Data section →
____

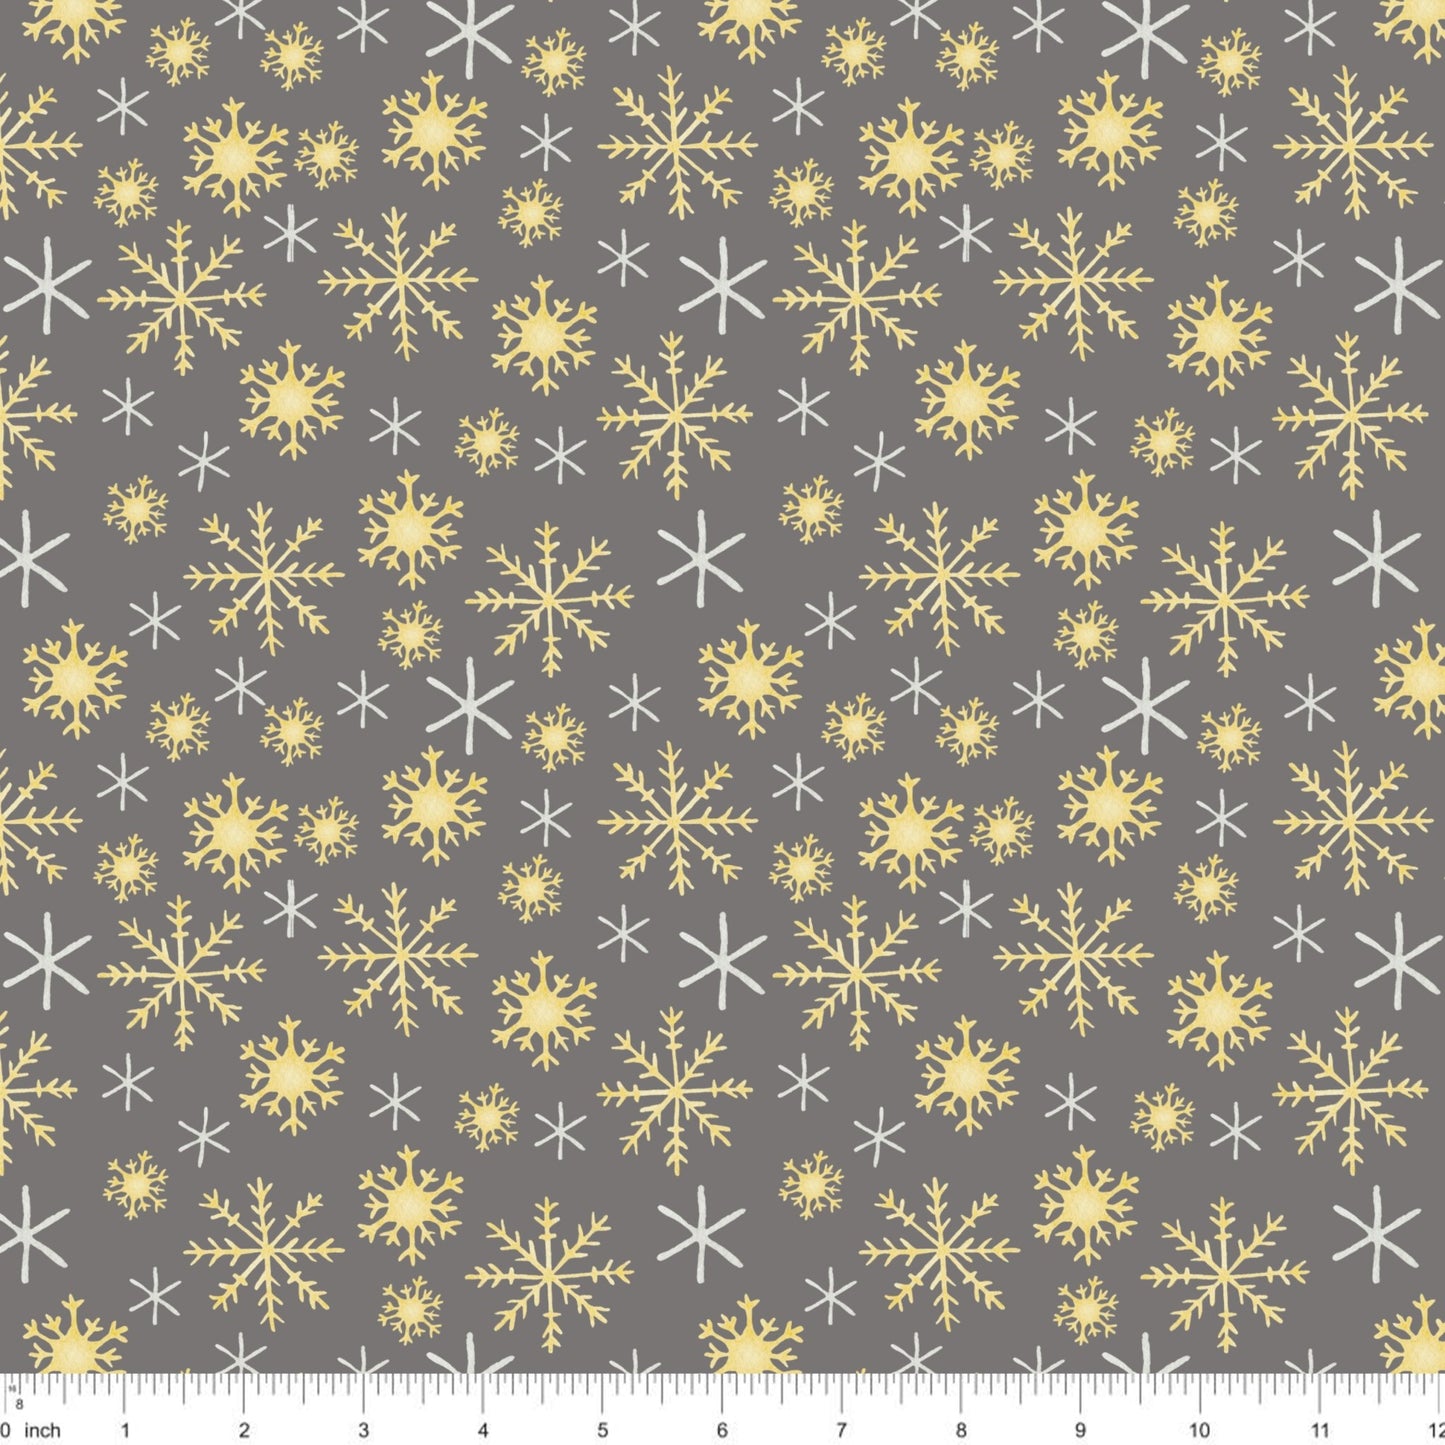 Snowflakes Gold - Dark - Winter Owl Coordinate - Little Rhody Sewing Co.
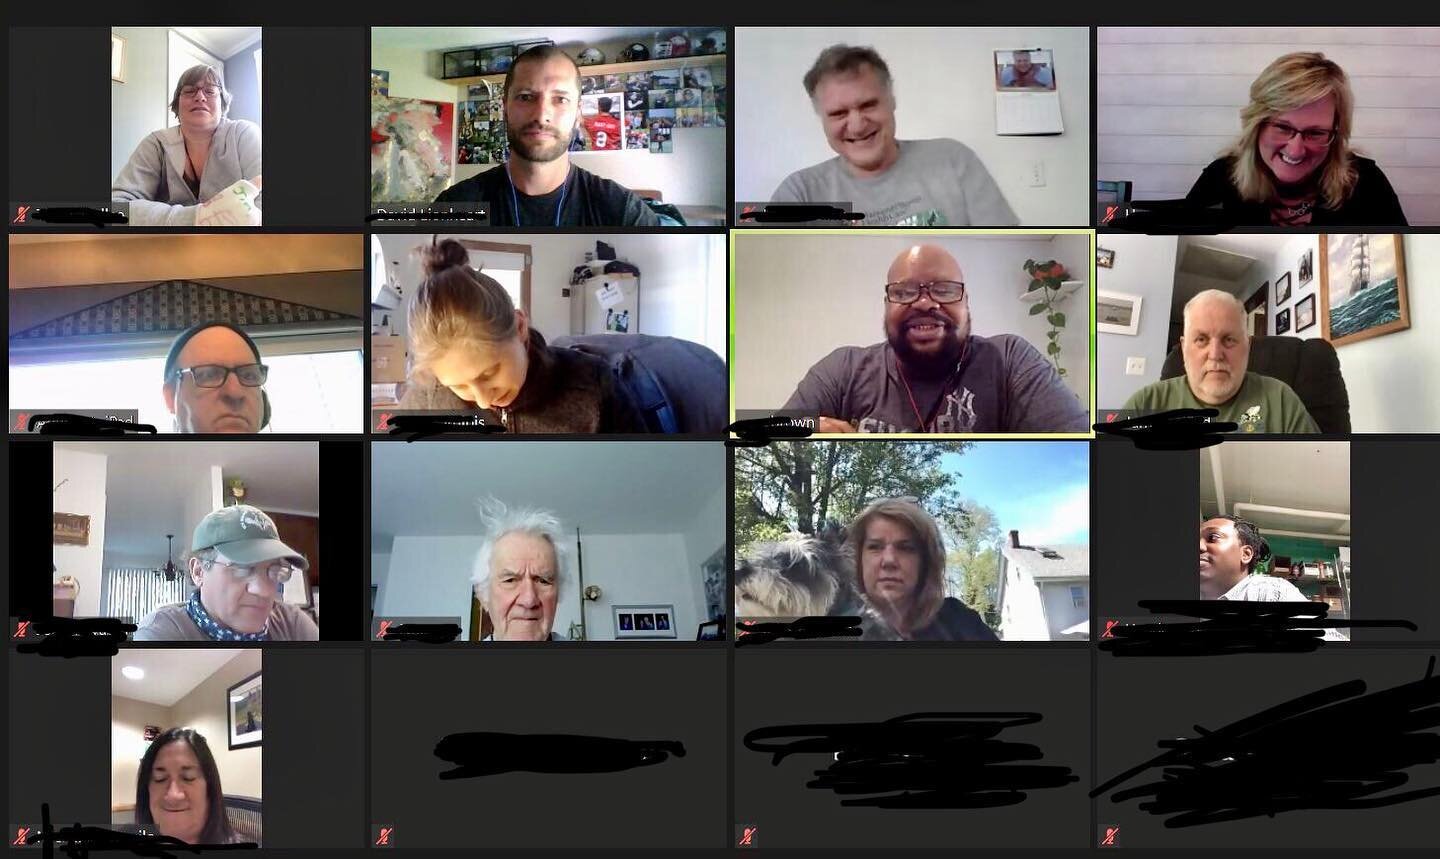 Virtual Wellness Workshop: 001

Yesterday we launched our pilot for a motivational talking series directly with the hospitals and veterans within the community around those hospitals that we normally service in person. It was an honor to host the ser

____

Problem statement → Transcribe the listing exactly. Its images are to be omitted.

Solution to this problem →
 Snowflakes Gold - Dark - Winter Owl Coordinate - Little Rhody Sewing Co.
 Virtual Wellness Workshop: 001

Yesterday we launched our pilot for a motivational talking series directly with the hospitals and veterans within the community around those hospitals that we normally service in person. It was an honor to host the ser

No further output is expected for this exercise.